Sanità, "predisposto un potenziamento delle attività di laboratorio"

Il Direttore generale della Asl risponde al telegramma dei Sindaci della Murgia. "Un percorso privilegiato per i soggetti con fragilità".

Lo scorso 13 ottobre, i sindaci di Altamura Mario Stacca, di Gravina Giovanni Divella, di Santeramo in Colle Vito Lillo, di Poggiorsini Ignazio Di Mauro, unitamente al consigliere provinciale Domenico Romita, hanno trasmesso un telegramma al direttore generale della Asl di Bari Nicola Pansini, al presidente della Giunta regionale Nicola Vendola ed all'assessore regionale alla salute Tommaso Fiore in merito alle "devastanti conseguenze sul diritto alla salute dei propri concittadini prodotte dalle ultime decisioni sull'assistenza specialistica accreditata". Nel telegramma si chiedeva "un incontro urgente" con l'assessore Fiore.

Dal giorno 12 ottobre, infatti, sono cessati i rimborsi per l'assistenza specialistica accreditata. Ciò significa che per le indagini per immagini (es. esami radiologici) e per i prelievi i cittadini indigenti non hanno più la possibilità di rivolgersi ai laboratori e alle strutture accreditate, ma solo alle "insufficienti strutture ospedaliere territoriali le quali non potranno mai assorbire - si legge nel comunicato dei Sindaci della Murgia - il carico delle strutture private accreditate, con un danno insopportabile per le comunità".

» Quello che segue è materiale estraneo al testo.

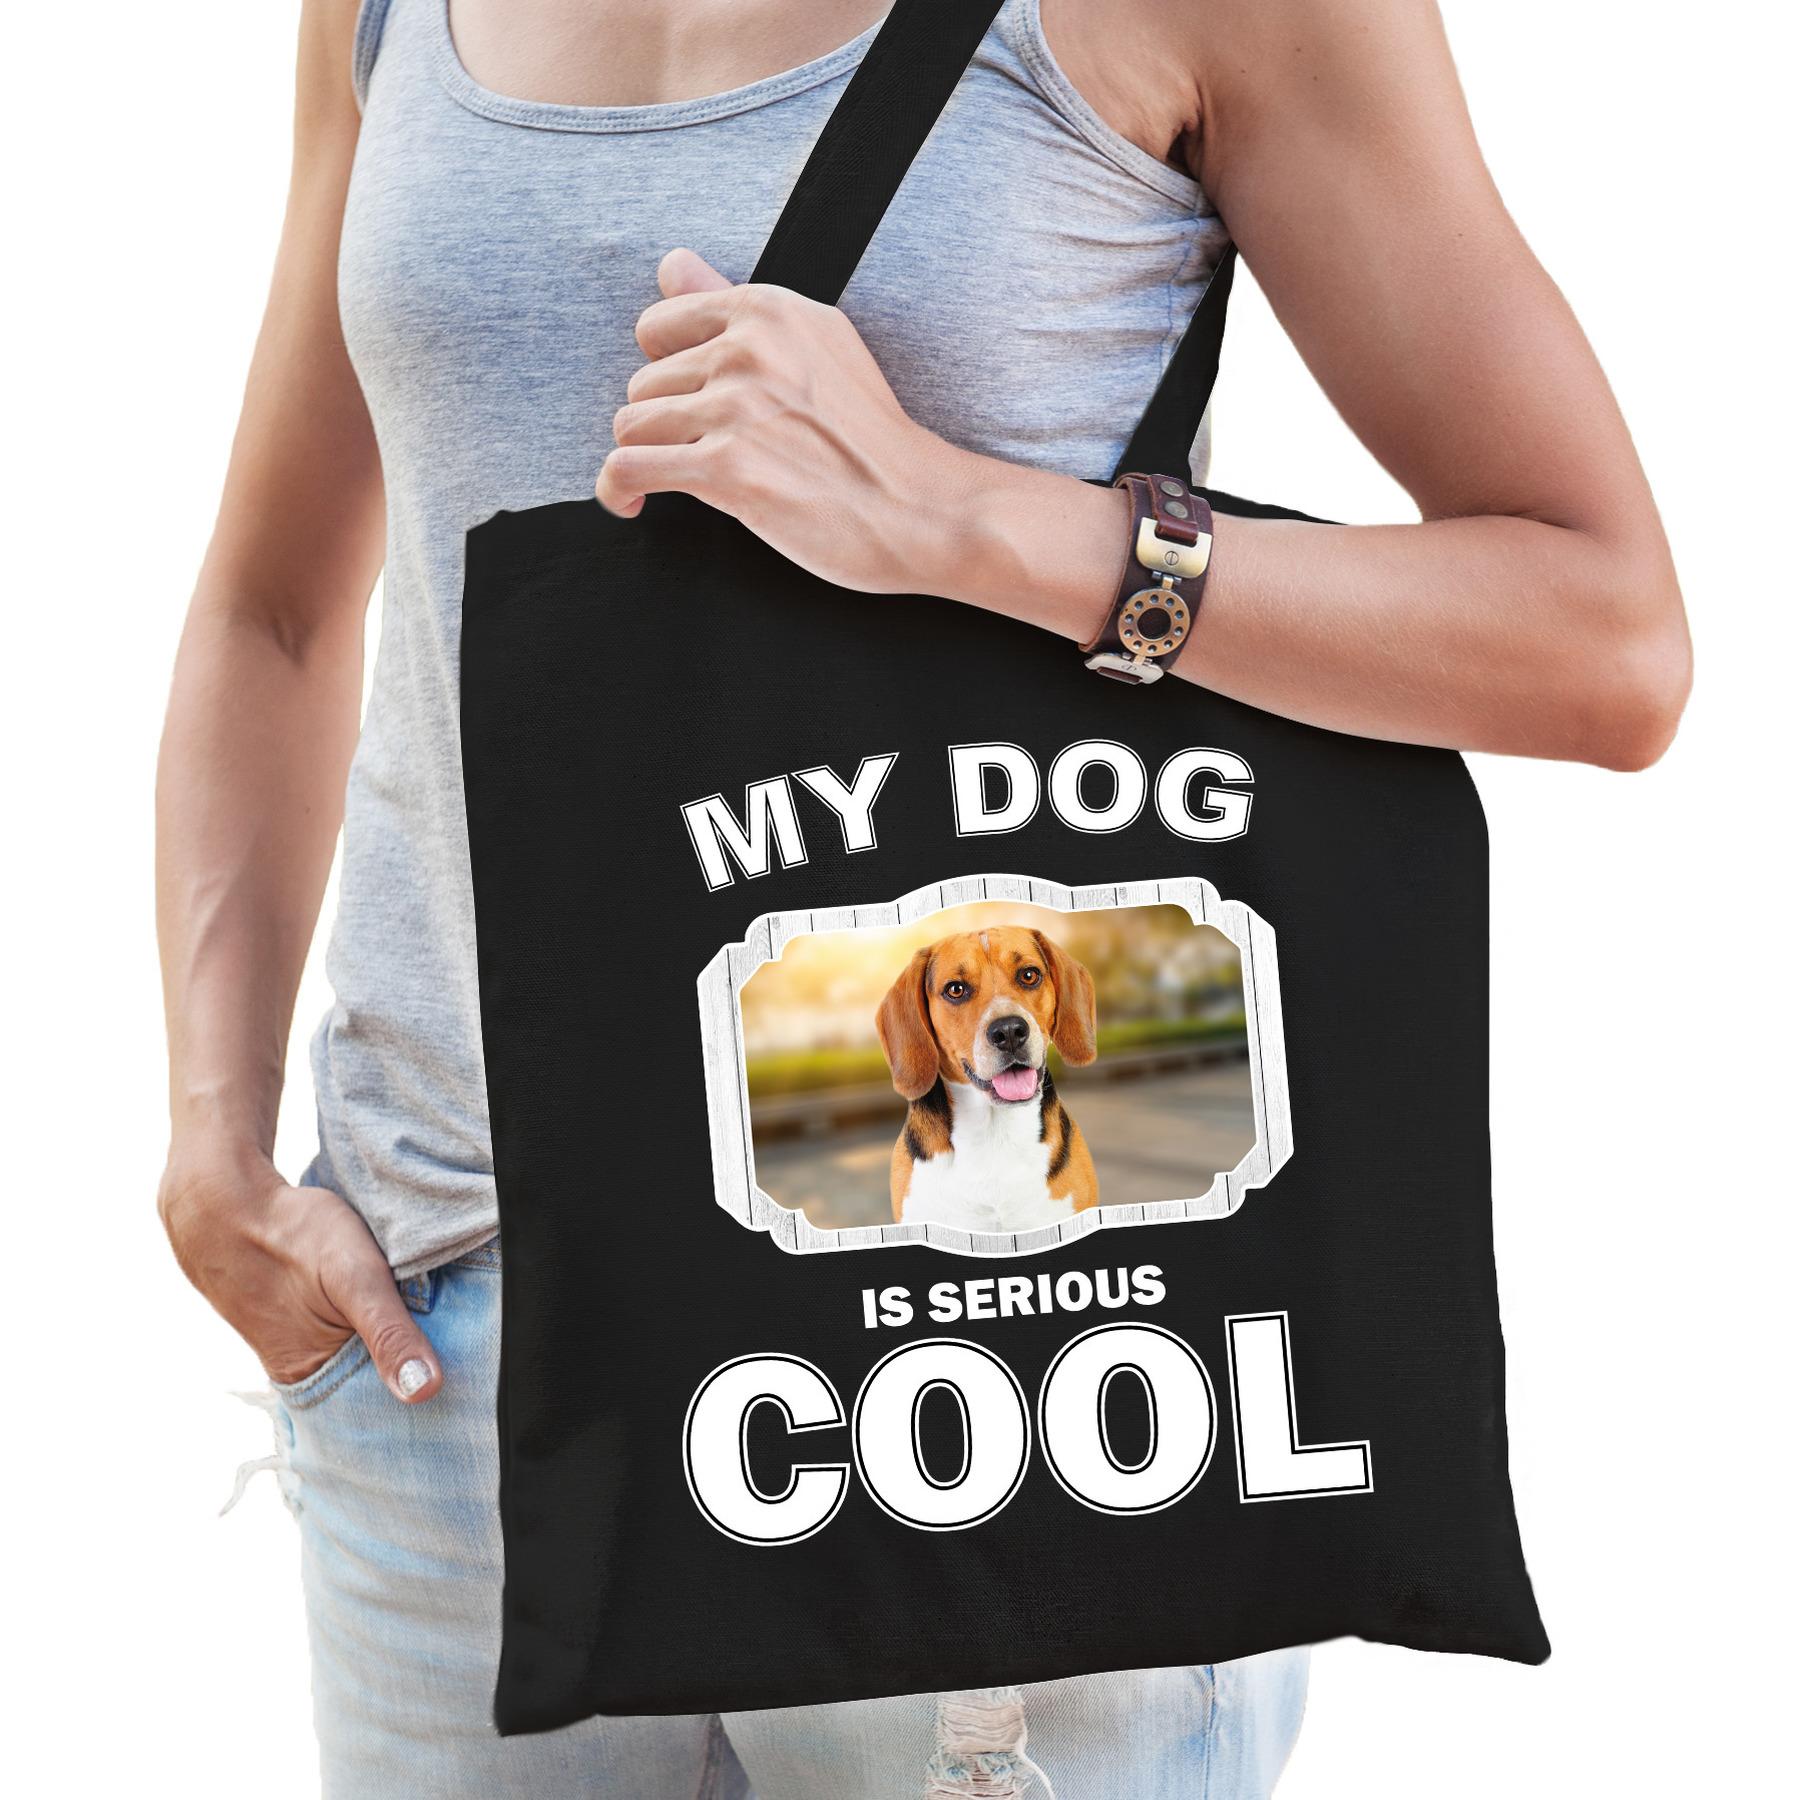 Katoenen tasje my dog is serious cool zwart - Beagle honden cadeau tas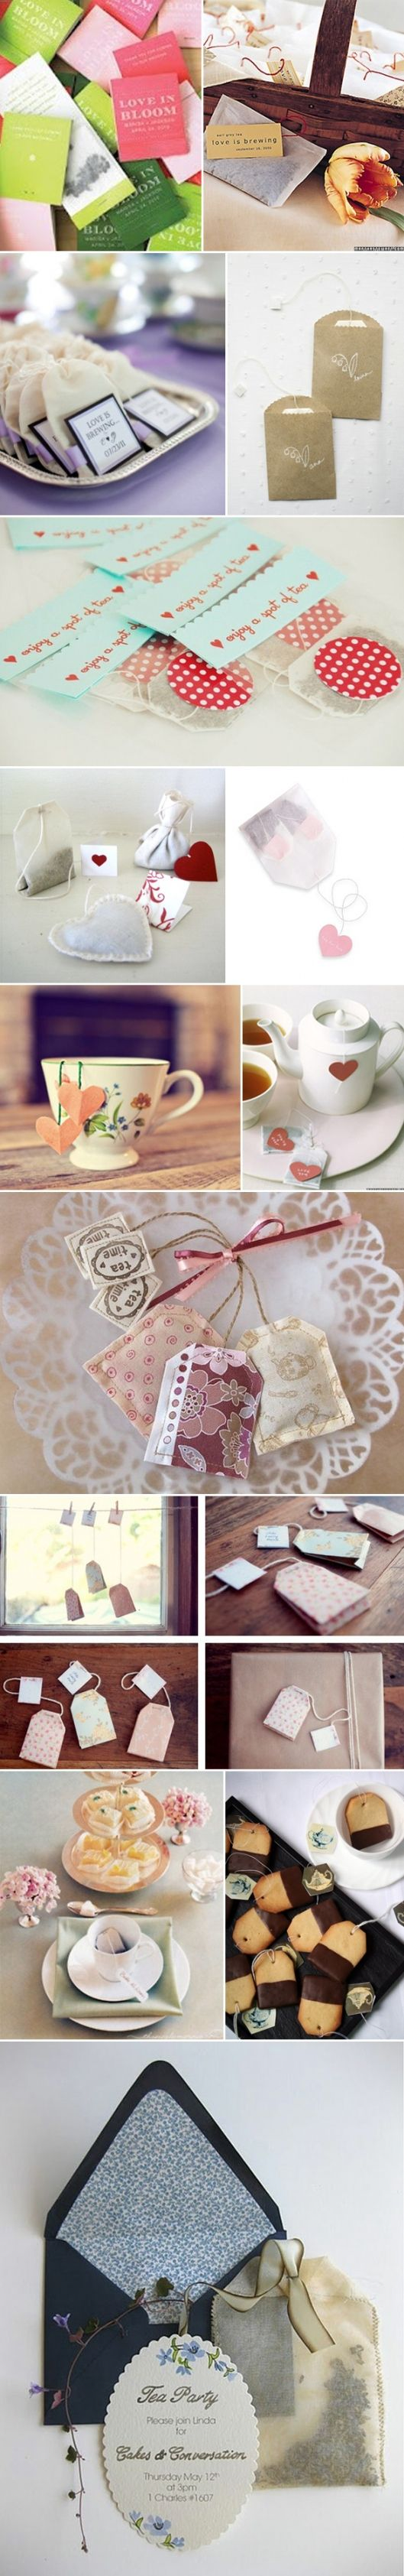 tea party ideas !

Il direttore generale della Asl di Bari Nicola Pansini ha risposto al telegramma evidenziando che la Direzione generale "non può che applicare normative regionali con riferimento ai tetti di spesa delle Strutture Specialistiche (Radiologia, Laboratorio Analisi, ecc.)". Ha, inoltre, aggiunto che "la Direzione, consapevole delle criticità evidenziate, per quanto attiene le Strutture laboratoristiche, ha predisposto, pur nella scarsa disponibilità di risorse umane, un potenziamento delle attività di laboratorio".

La Direzione ha comunicato che "in un'ottica di riorganizzazione delle stesse attività, in considerazione delle lunghe liste di attesa, si è tenuto in massima attenzione un percorso privilegiato per i soggetti con fragilità, come pazienti con gravi patologie, pazienti oncologici".